A manera de epílogo pienso que las subjetividades deben “contornearse” en los ámbitos donde lenta y trabajosamente son
gestadas. El viejo zoon políticon, por ejemplo, no puede ser si no griego. La polis (infelizmente traducida por “ciudad”, pues nada tiene
en común con ella), no es recorrida por “ciudadados” que van de su mitad “pública” (imagen, función, etc.), hacia su mitad
“privada”(hogar, rol paterno, materno, etc.). Así como la noción de niño, grupo, fuerza de trabajo”, son modernas, la polis hace que lo
subjetivo se oponga a la intimidad (por eso la subjetividad no se homologa a privacidad en la Grecia Clásica), siendo la participación
efectiva y no sólo representativa en un espacio de comunicación, confrontación –el Agora–, su marca pública sobresaliente. Animal
político entre nosotros no puede ser, entonces, más que una metáfora desgraciada y nostálgica .

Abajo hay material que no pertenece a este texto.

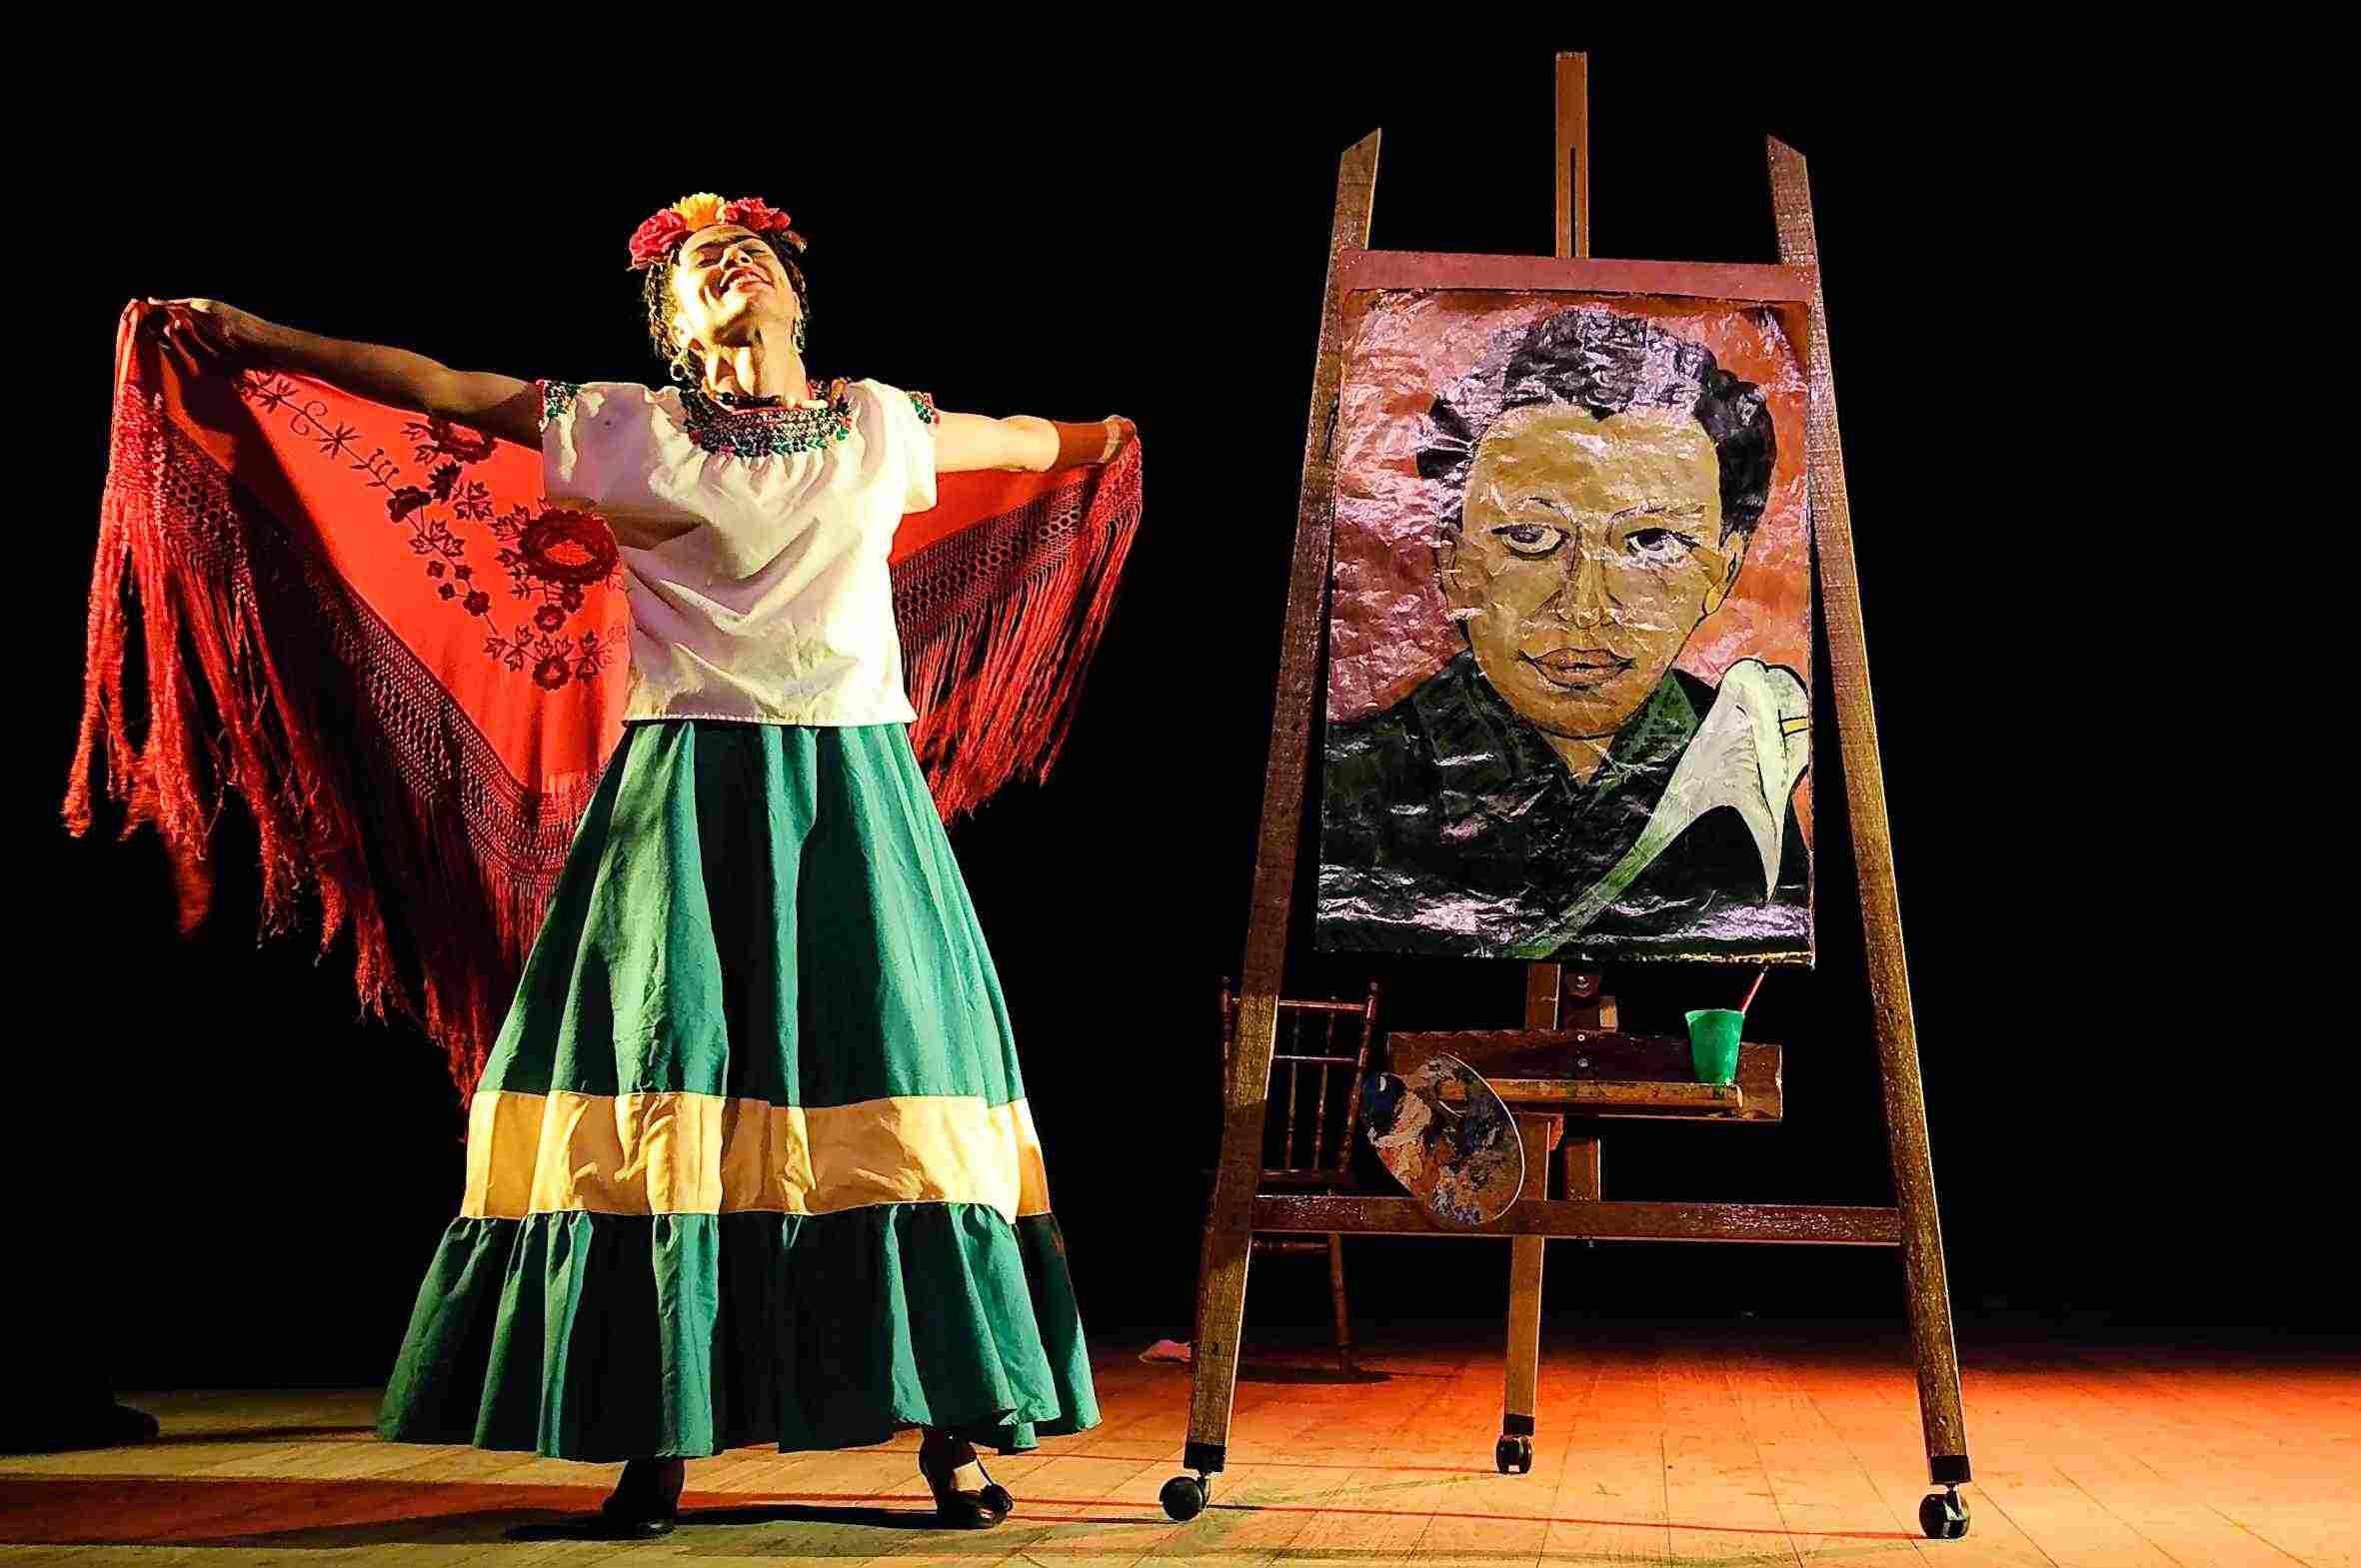 Vida de Frida Kahlo nos palcos de Rio das Ostras - http://eleganteonline.com.br/vida-de-frida-kahlo-nos-palcos-de-rio-das-ostras/

Tomando senderos que nos conducen a nuestros comienzos, digamos que la subjetividad producida de infinitos modos sociales
e históricos, es “subjetivada” de mil formas produciendo múltiples objetividades. Éstas, a su vez, constituyen los objetos más
heterogéneos que, en un intrincado movimiento reflejo, parten el mundo en dos intentando la dominación y autonomización (quizás,
finalmente, lo logren) de sus focos generadores. De ahí que la famosa “determinación objetiva” sea un importante capítulo de la
perversión causalista, es decir, del fetichismo entronizado como forma de explicación de lo real. Sin embargo aquella real-ización es el
verdadero proceso creador, pleno de afecciones, sin afeites. Y su potencia adviene claramente en la “experiencia concreta”
(institucional, grupal, artística, clínica, escritural), aun cuando se ostente su más lamentable resignación.